Here’s the source code of Paho MQTT Javascript:

line 703 and following have the “Pinger”.

it defines a doTimeout function, which in turn returns doPing

doPing is defined a bit further below, it runs the actual ping, and sets up a timeout, with this._keepAliveInterval.

this._client.socket.send(pingReq);
this.timeout = setTimeout(doTimeout(this), this._keepAliveInterval);

By now, I am pretty certain that the keepAliveInterval has to be decreased for Paho from the default 60 seconds. Possibly due to network latencies, what worked for me locally does not work remotely any more.

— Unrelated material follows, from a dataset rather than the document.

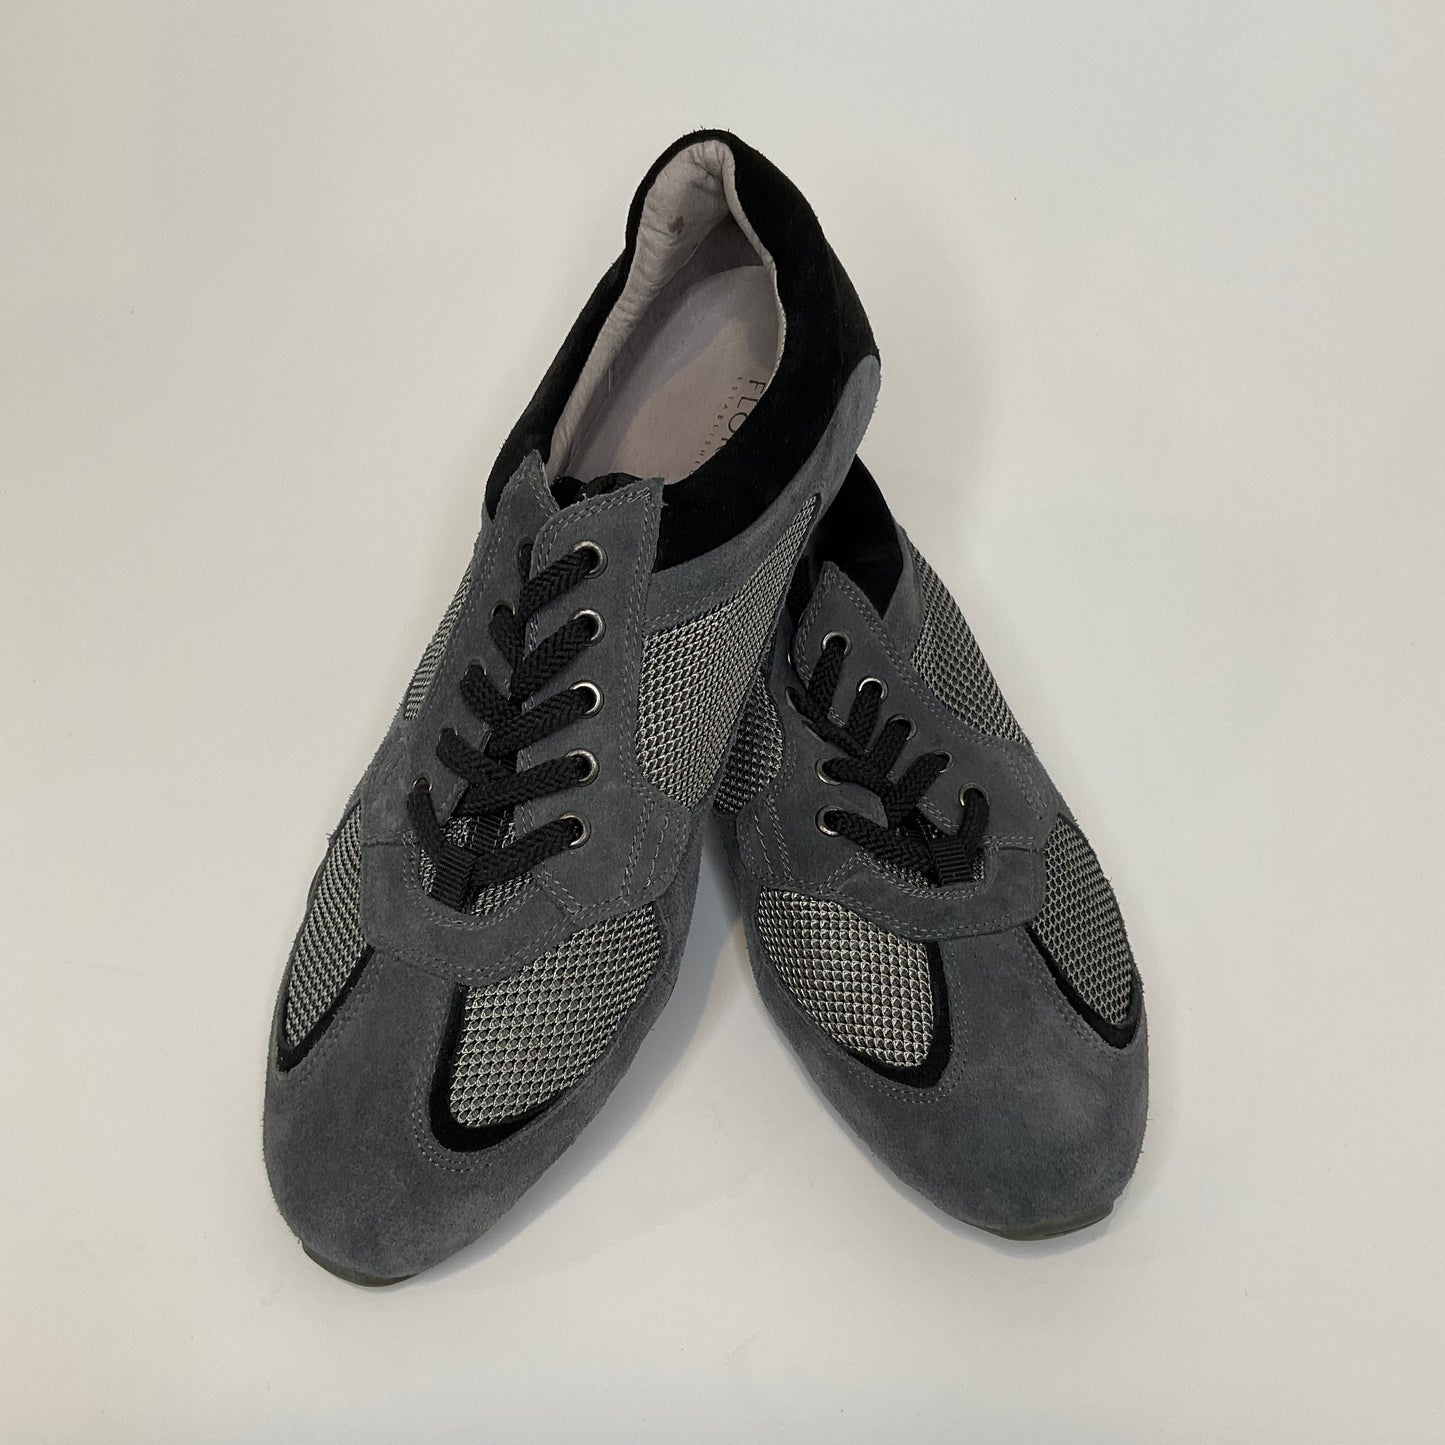 Florsheim - Casual Shoes - Size 11

how do we set up a different time interval?

Paho documentation:

The Paho client instance has a method connect, which takes an object as its single parameter.

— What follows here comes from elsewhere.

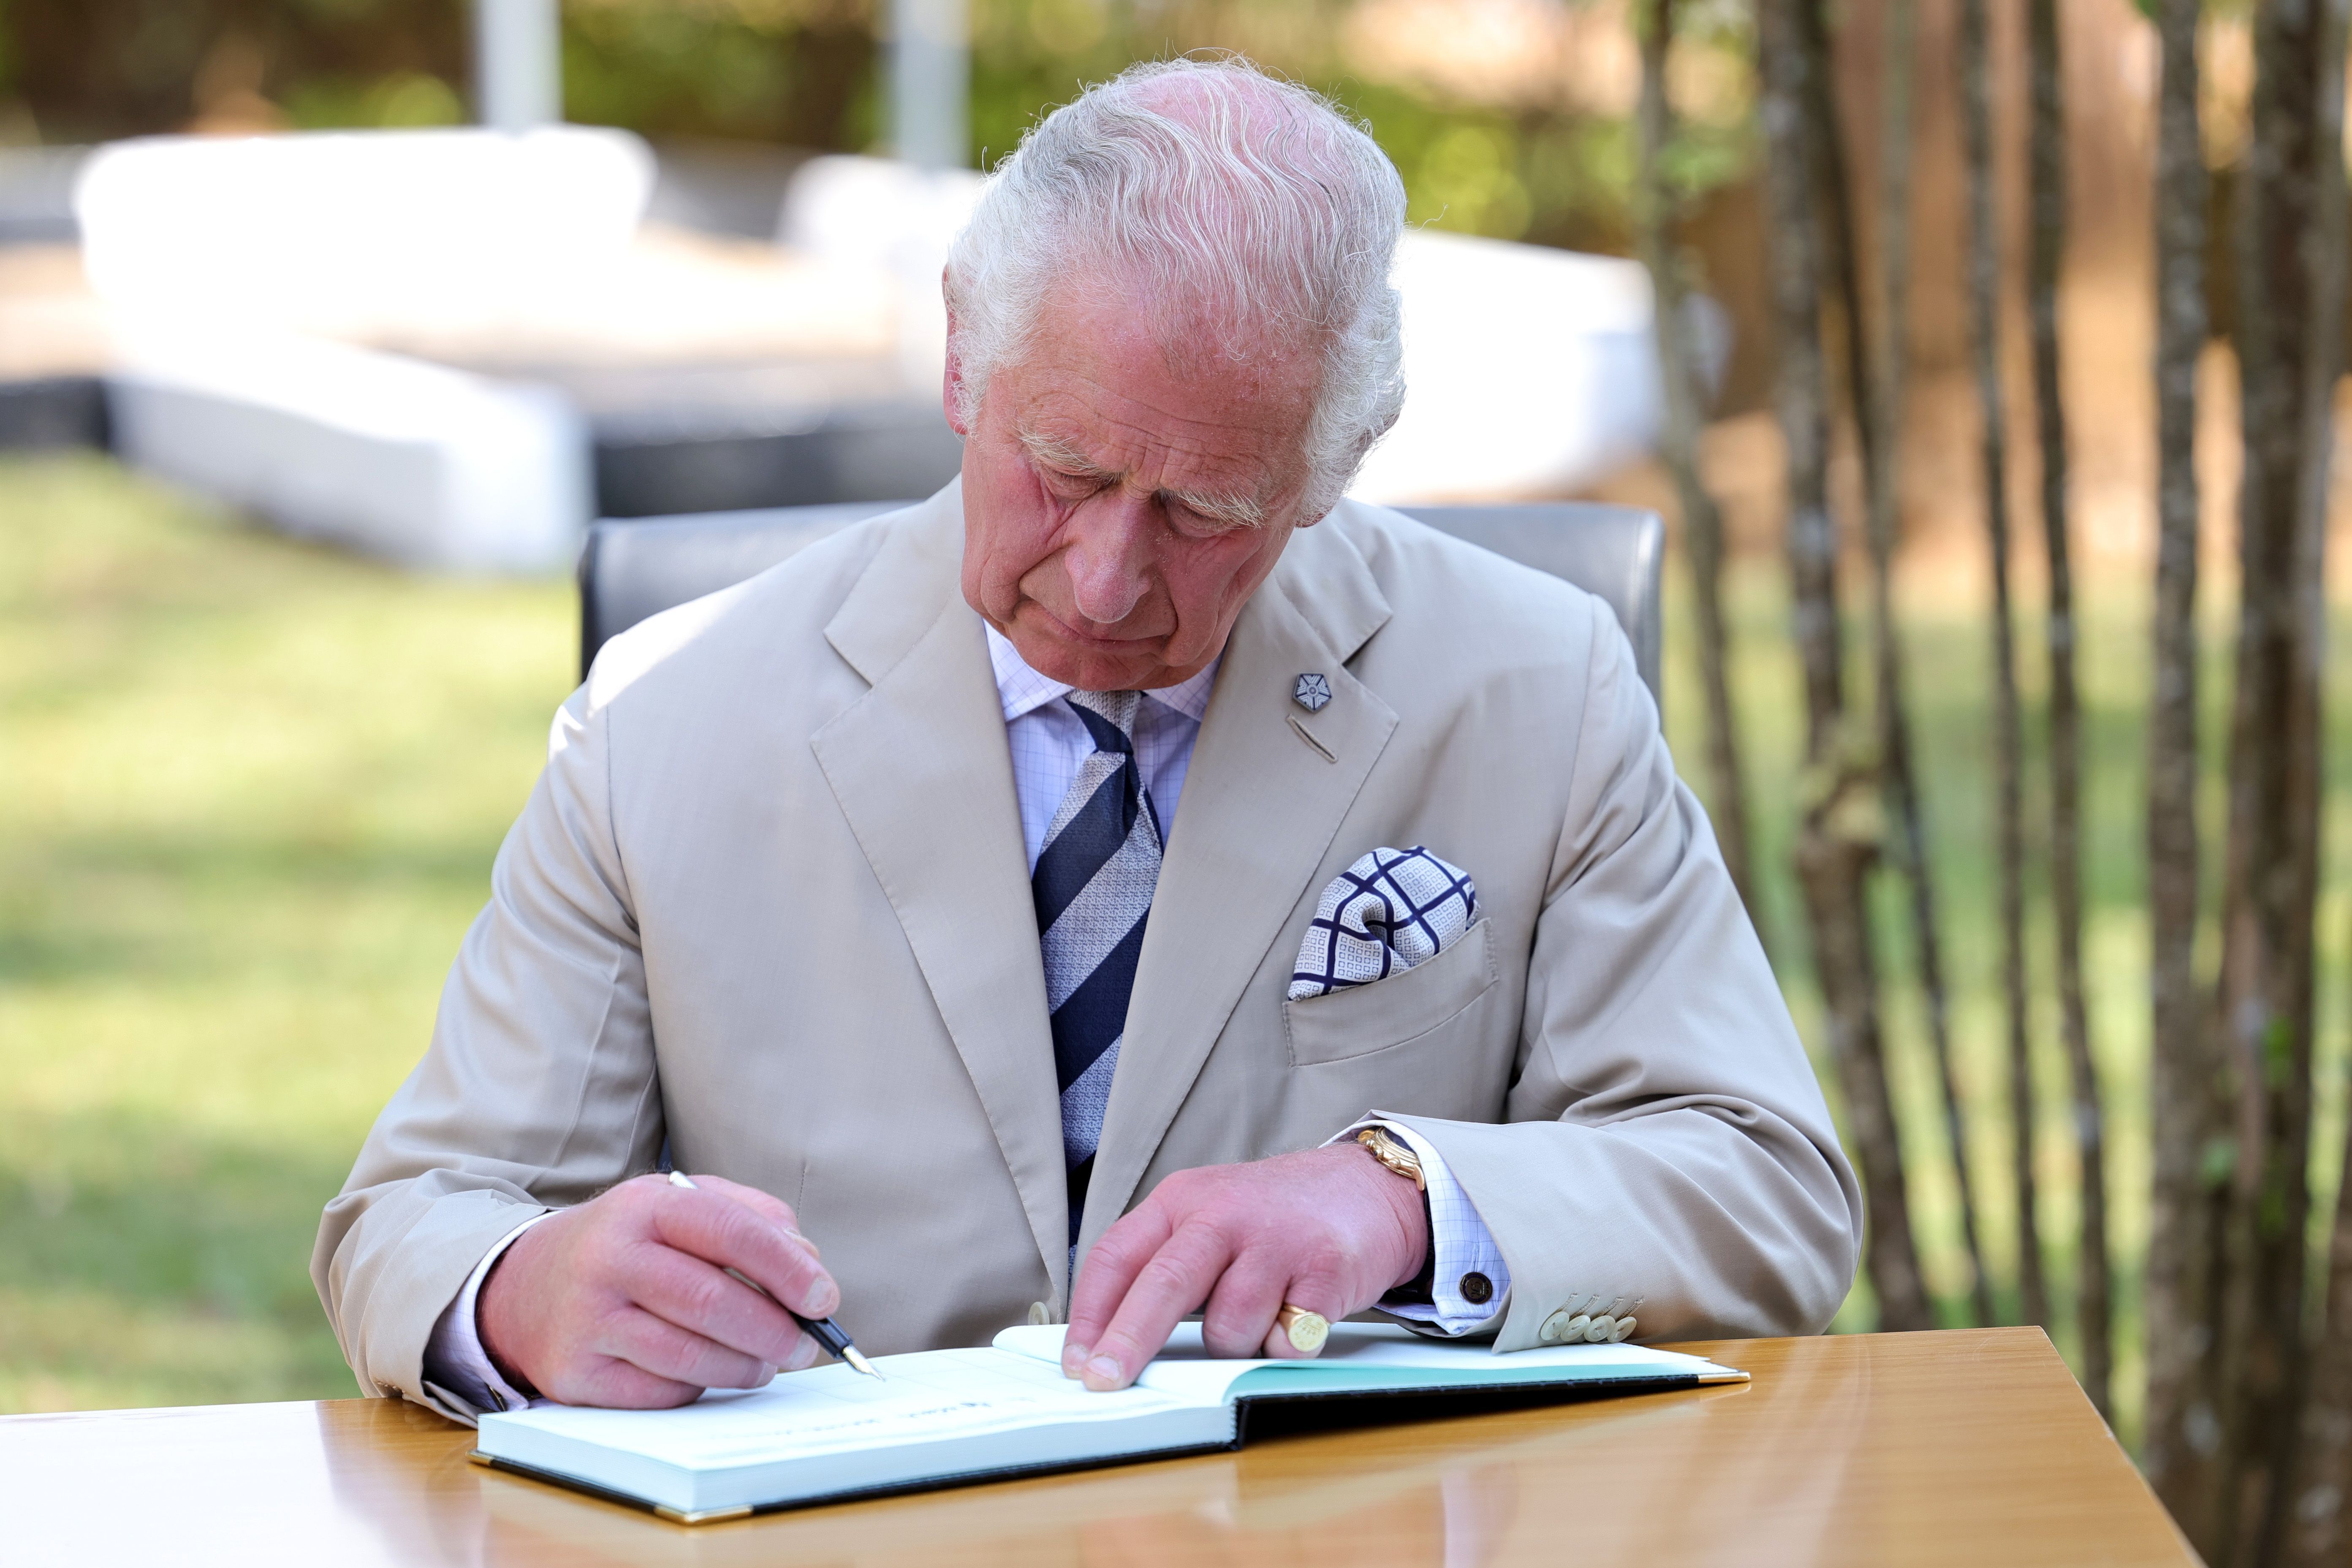 Damals noch unter dem Titel Prinz of Wales schreibt Charles bei einem Pressetermin in ein Gästebuch. Hoffentlich hat er sich nicht verschrieben, denn jegliche nicht mehr benötigte Papierkorrespondenz des heutigen Königs wird zu Kompost.

The object has different attributes, one of them being the keepAliveInterval:

image

I set this keepAliveInterval to 30 sec. Here’s the current set of parameters I use:

var options = {
     timeout: 3, /* if conection not successfull within 3 seconds, it is deemed to have failed */
     onSuccess: mqtt_onConnect_connect,
     onFailure: mqtt_onConnectFailure_connect,
     userName: params.userName,
     password: params.password,
     keepAliveInterval: 30,
     useSSL: true,
     reconnect: false,
     mqttVersion: 4
};
mqtt.connect(options);   

With mqtt being an instance of the Paho MQTT Client.